Azure Update Management
Have you checked the update management system for your Azure and On-Premises server that supports both Windows and Linux operating systems? And it is completely free! Please find the full list of supported operating systems and prerequisites here: https://docs.microsoft.com/en-us/azure/operations-management-suite/oms-solution-update-management#prerequisites.
Lets get started. The easiest way is to start from an Azure VM. Go to the VMs blade and find “Update management”. You will see a notification that the solution is not enabled.
Click the notification and the “Update Management” blade will open. The “Update Management” is an OMS solution, so you will need to create a “Log analytics” workspace, you can use the Free tier. If you don’t have a Log analytics workspace the wizard will create a default for you. Also it will create an automation account. Pressing enable will enable the “Update Management” solution.

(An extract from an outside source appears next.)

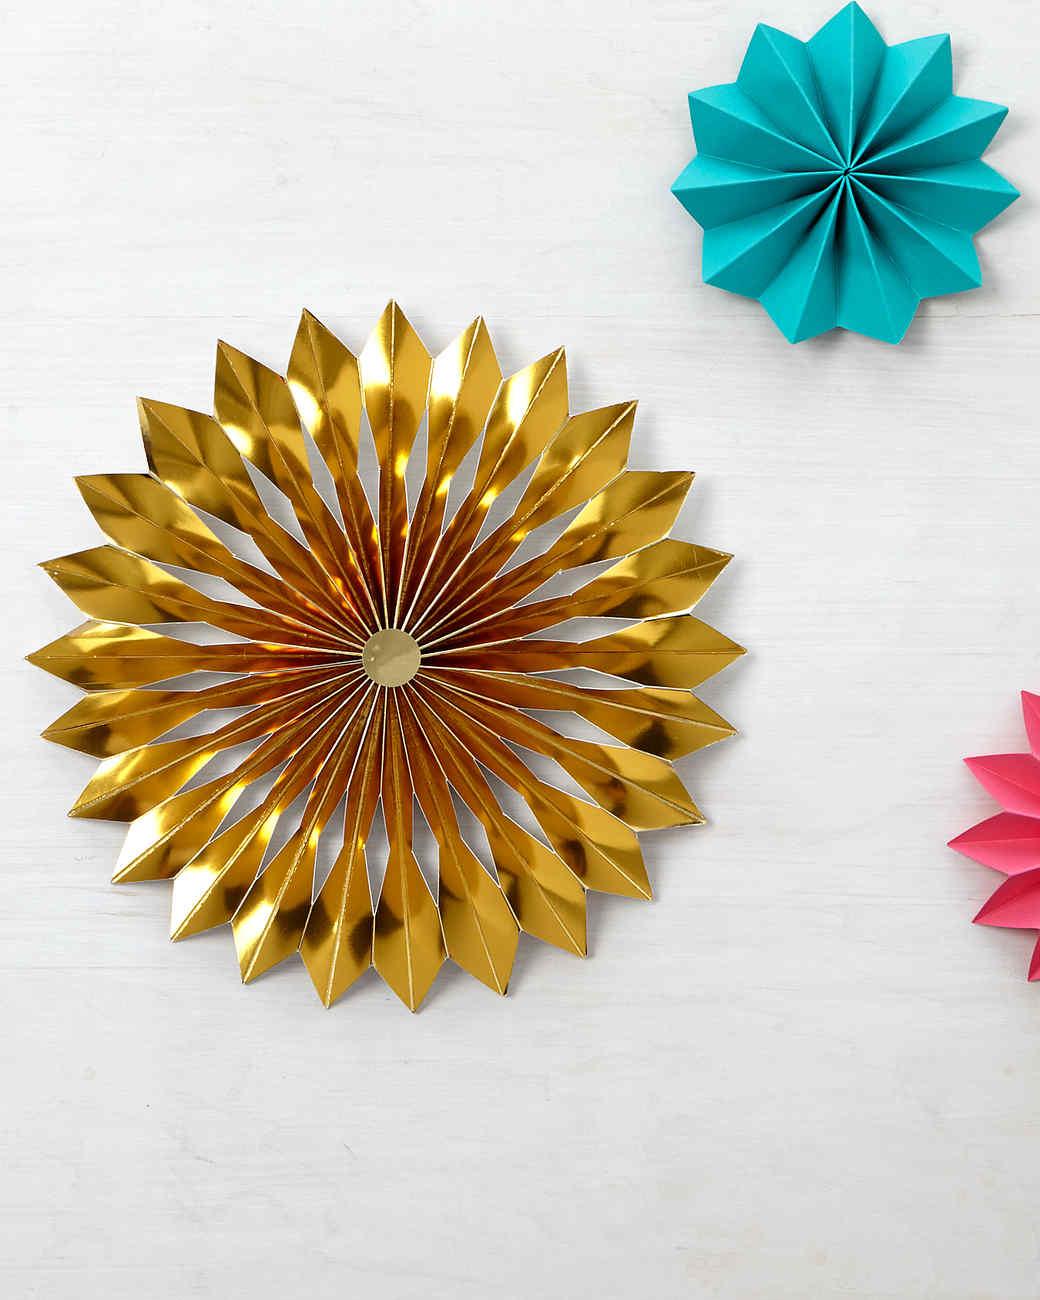 finalshot-crafts-rosettes-mrkt-1114.jpg

After about 15 minutes, at the “Update Management” section of the VM you will see the report of the VM’s updates.
After that process the Automation Account is created and we can browse to the “Automation Accounts” service at the Azure Portal. There click the newly created Automation Account and scroll to the “Update Management” section. There we can see a full report of all VMs that we will add to the Update Management solution. To add more Azure VMs simply click the “Add Azure VM” button.
The Virtual Machines blade will open and will list all Virtual Machines at the tenant. Select each VM and press Enable.
After all required VMs are added to the Update Management solution click the “Schedule update deployment” button. There we will select the OS type of the deployment, the list of computers to update, what type of updates will deploy and the scheduler. More or less this is something familiar for anyone that has worked with WSUS.
Press the “Computers to Update” to select the Azure VMs for this deployment from the list of all VMs enabled.
Then select what types of updates will deploy.
If you want to exclude any specific update you can add the KB number at the “Excluded updated” blade.
And finally select the schedule that the update deployment will run.
Back to the “Update Management” blade, as we already said, we have a complete update monitoring of all Virtual Machines that are part of the “Update Management” solution.
You can also go to the “Log Analytics” workspase and open the “OMS Portal”
There, among other, you will see the newly added “System Update Assessment” solution.
and have a full monitoring and reporting of the updates of your whole environment.